これで、SIRT1と時計遺伝子のリズムは、十分整います
高価なサプリは、少なくとも今のところ必要ありません。


どのくらい"遅い"と影響するのか

結論:21時を超えると体内時計的には"夜食"。就寝2時間前までの夕食がベストです。

じゃあ具体的に、何時までなら大丈夫なのか。

いろいろな研究を総合すると、ひとつの目安として:

「就寝の2〜3時間前までに食事を終える」

というラインが、体内時計の観点から推奨されています。

多くの方は23〜24時に寝るとすれば、夕食は20時〜21時まで
これを超えると、いわゆる"夜食"ゾーンに入ってきます。

海外のメタ解析でも、夕食が21時以降になる生活が続くと、

  • 肥満リスク上昇

  • インスリン抵抗性の悪化

  • 2型糖尿病の発症リスク上昇

が報告されています。


現実的な工夫:「時間を変えられない」日はどうする?

結論:時間を変えられないなら、"中身を変える"という手があります。

「言いたいことは分かるけど、仕事の都合で夕食が遅くなるんです」
「家族の時間に合わせたいけど、子どものお迎えがあって」

──こういうお声も、本当によく聞きます。

全員が早く夕食を食べられるわけじゃない。
だから、現実的な工夫もお伝えしておきます。

工夫①:分食(前倒し夕食)

夕方の早い時間に、"主食パート"を前倒しで食べてしまう方法です。

  • 16〜17時頃:おにぎりなど軽く主食を

  • 21時頃:タンパク質+野菜を中心に

こうすると、糖質を含む食事は明るい時間に入り、夜は代謝負担が少ない内容になります。

工夫②:夜は"軽め+タンパク質中心"

遅い夕食をとるときは、

  • 糖質(ごはん・麺・パン)を少なめに

  • タンパク質(魚・豆腐・卵・鶏肉)を中心に

  • 野菜をしっかり

これだけで、食後血糖の跳ね上がりはかなり抑えられます。

工夫③:週末で整える

平日は遅くなっても、週末は早めの夕食にする。
体内時計は多少リセットできるので、週単位で整える発想も使えます。


「朝食を抜いて、夜しっかり食べればいい?」への回答

結論:朝抜き+夜ドカ食いは、代謝には最悪パターンです。

最近のブームで、「朝食を抜くと痩せる」「プチ断食で若返る」という話が広がっています。

もちろん、一部の人には合うやり方もあります。

でも、「朝を抜いて、夜に寄せる」というパターンは、代謝的にかなり不利です。

  • 朝に食べない → 末梢時計のリセットが遅れる

  • 夜に大量に食べる → 体内時計的には"活動時間外"

  • 結果:体内時差が大きくなり、インスリン抵抗性が悪化しやすい

「食べる時間を朝側に寄せる」ほうが、代謝には優しい。
「食べる時間を夜側に寄せる」ほうが、代謝には厳しい。

これは、時計遺伝子とSIRT1の研究から、ほぼ一貫して示されている原則です。


まとめ

  • 同じ食事でも、夜遅く食べるほど血糖が跳ねる

  • 体内時計は脳だけでなく、膵臓・肝臓など全身の臓器にもある

  • 末梢時計は食事のタイミングでリセットされる

  • 夜遅い夕食は、中枢と末梢のズレ=体内時差を作る

  • SIRT1は時計遺伝子と代謝をつなぐ"調整役"。

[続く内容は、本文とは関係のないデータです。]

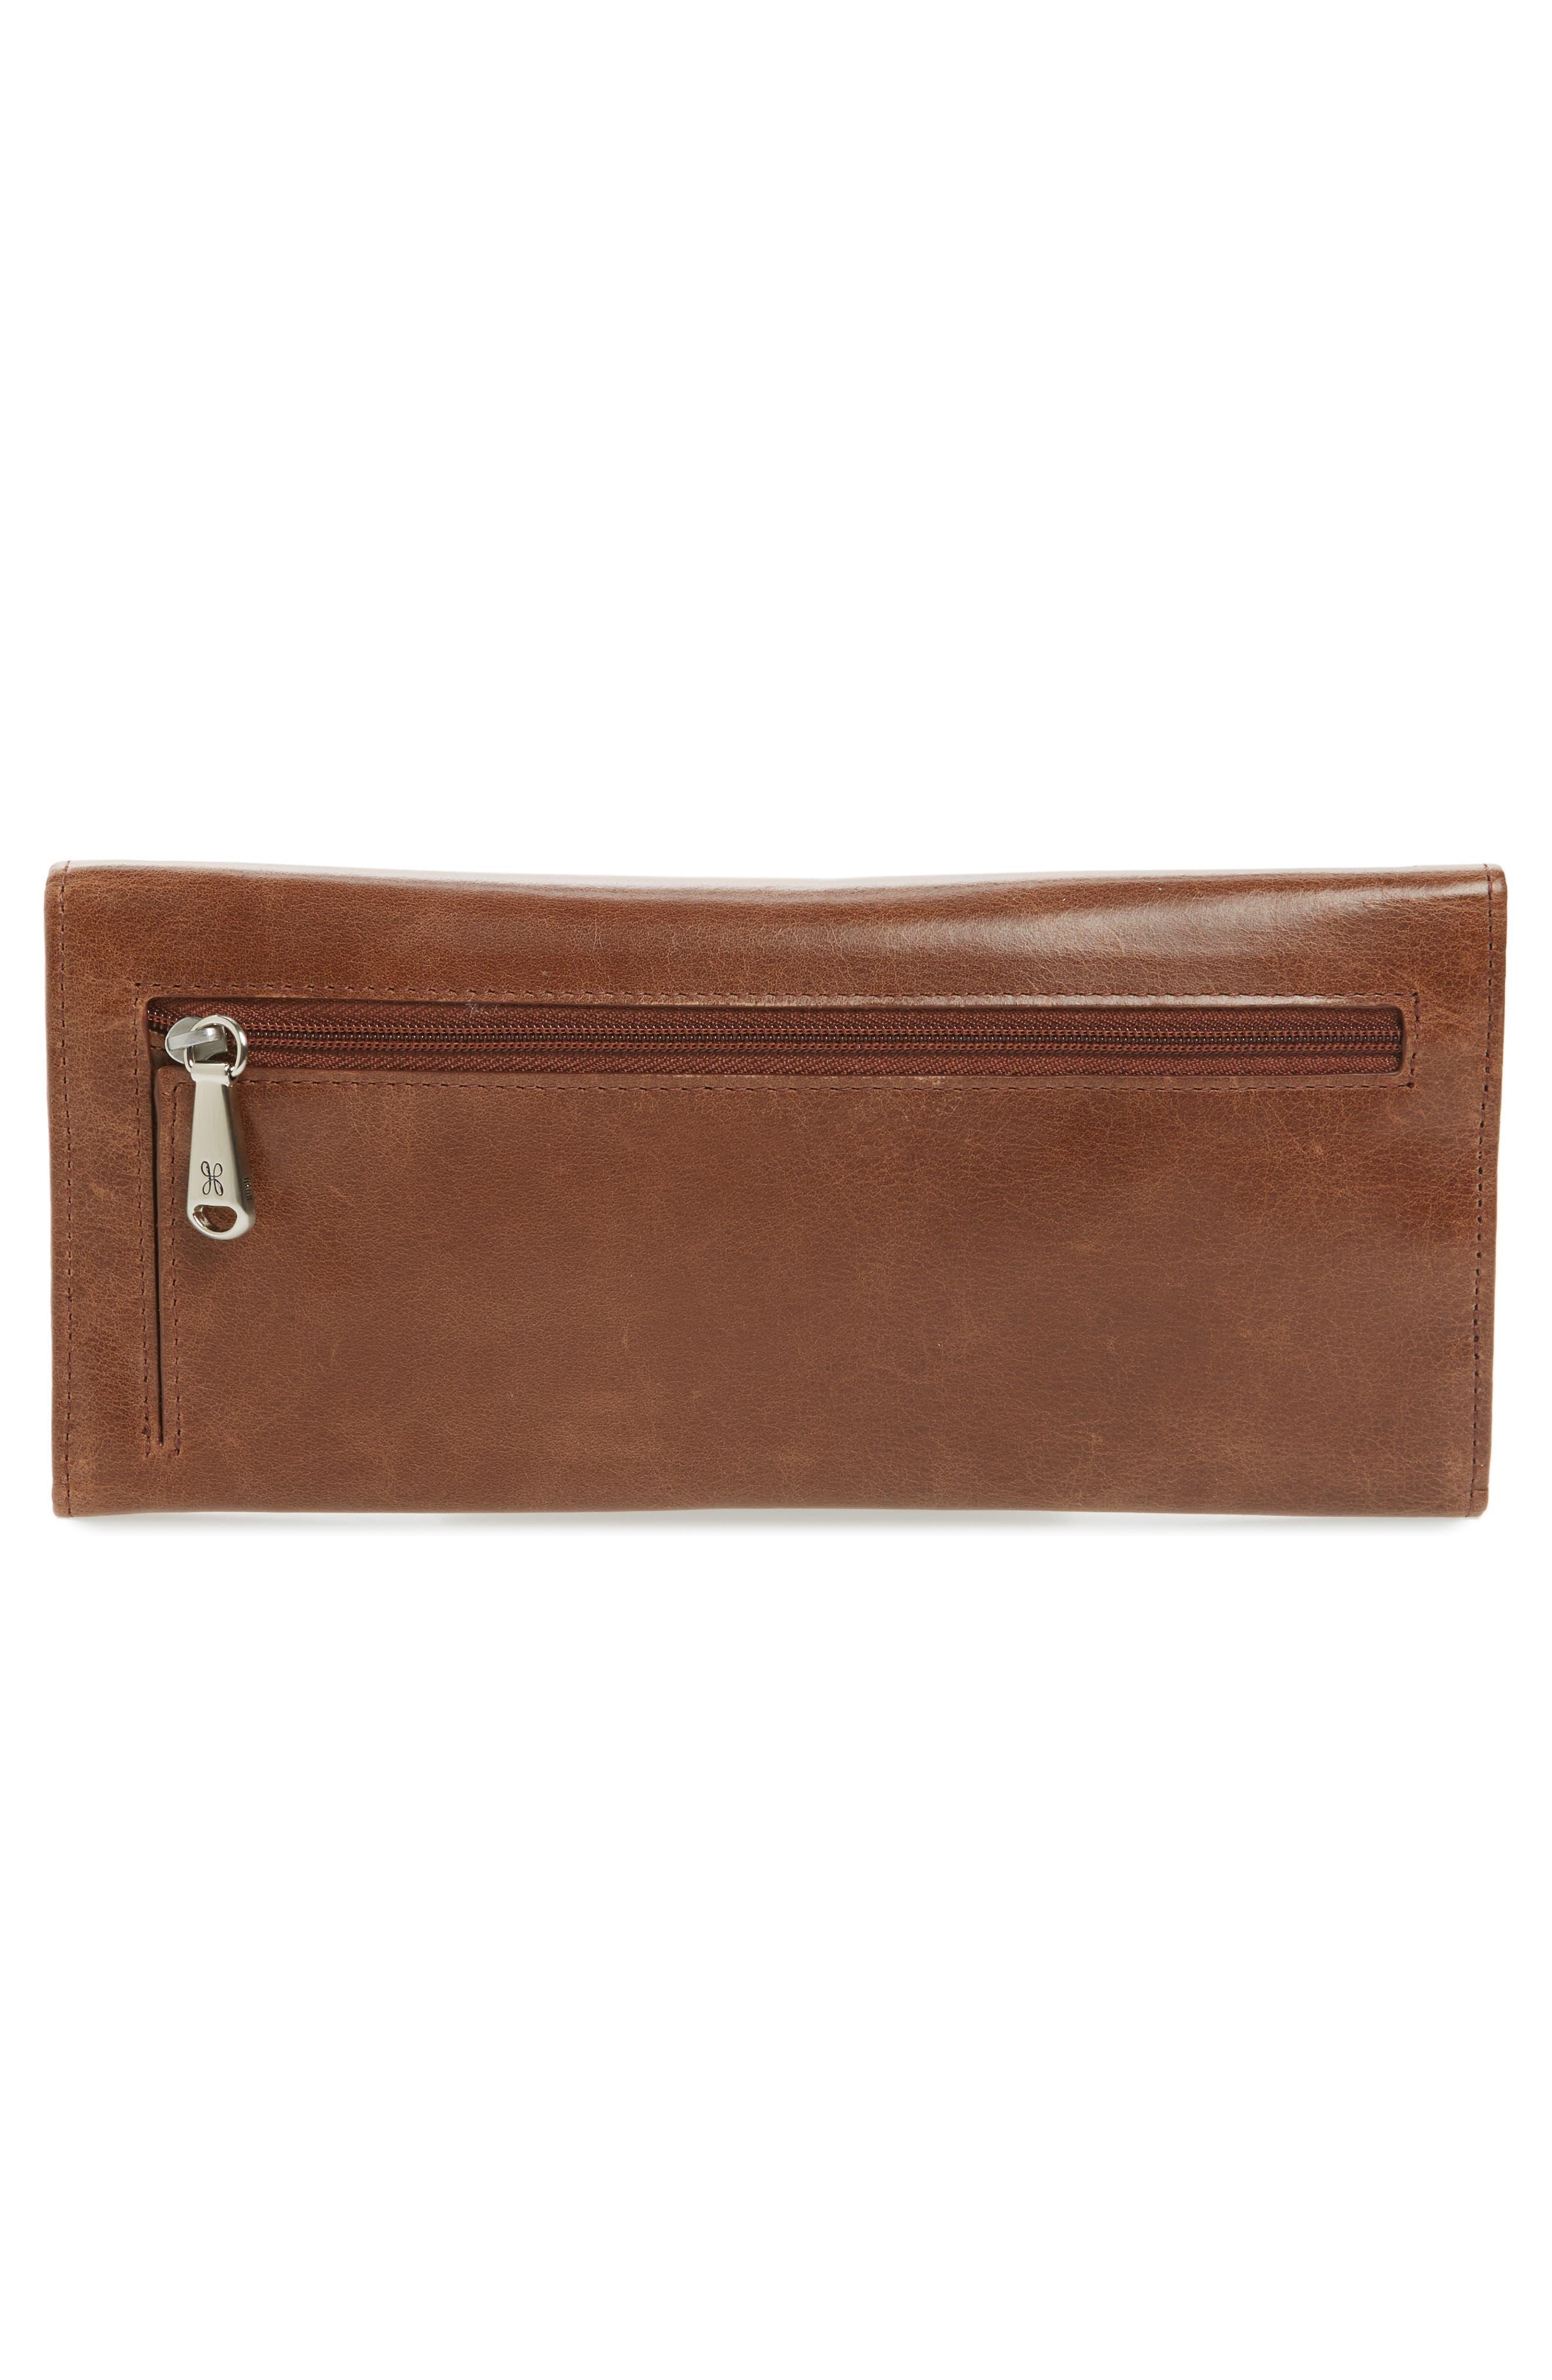 'Sadie' Leather Wallet,                             Alternate thumbnail 119, color,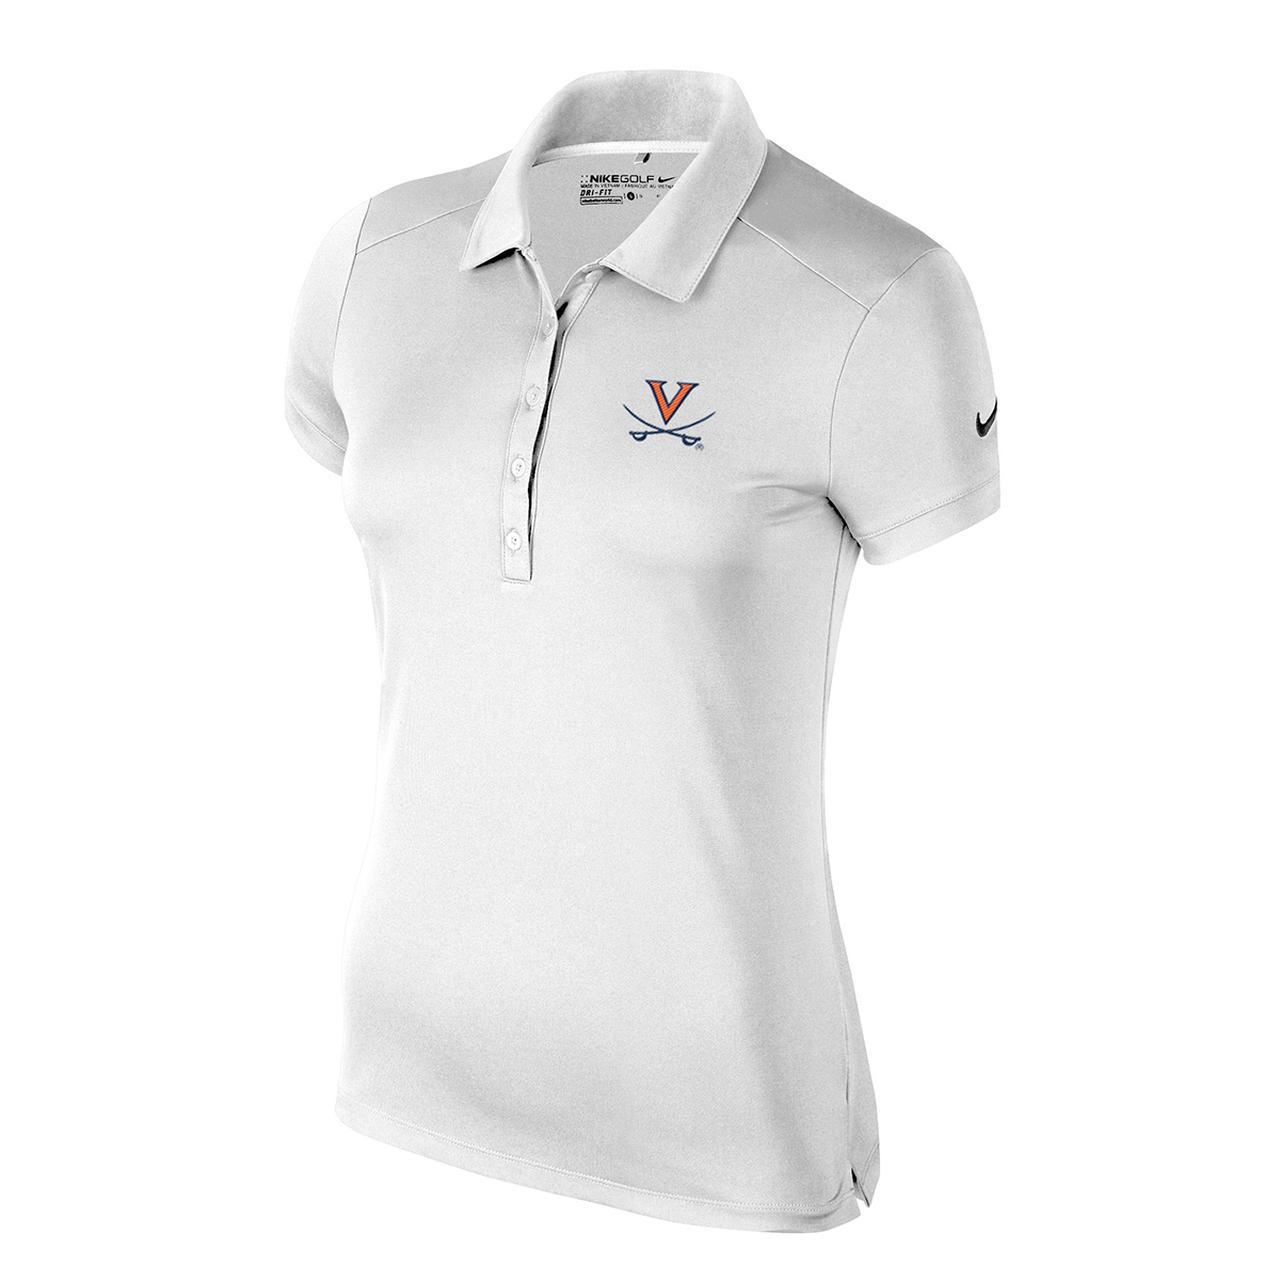 b9ff8ded UVA Athletics University of Virginia Ladies Victory Solid Polo

適度な空腹時間が鍵

  • SIRT1やNMNの詳細はまだ研究途上。基本の生活習慣で十分対応できる

  • 目安は就寝2〜3時間前までに夕食

  • 時間を変えられないなら、中身を変える(糖質↓・タンパク質↑)


次回予告

⚠️ ぜんぶ代謝のせい #12「"空腹で運動"は痩せる?──脂肪燃焼の嘘と本当」

「朝、空腹で走ると脂肪が燃える」とよく聞きます。
でも、そこで実際に起きていることは、もう少し複雑です。
FFA(遊離脂肪酸)の動員、糖新生、筋分解リスク──代謝の視点で整理します。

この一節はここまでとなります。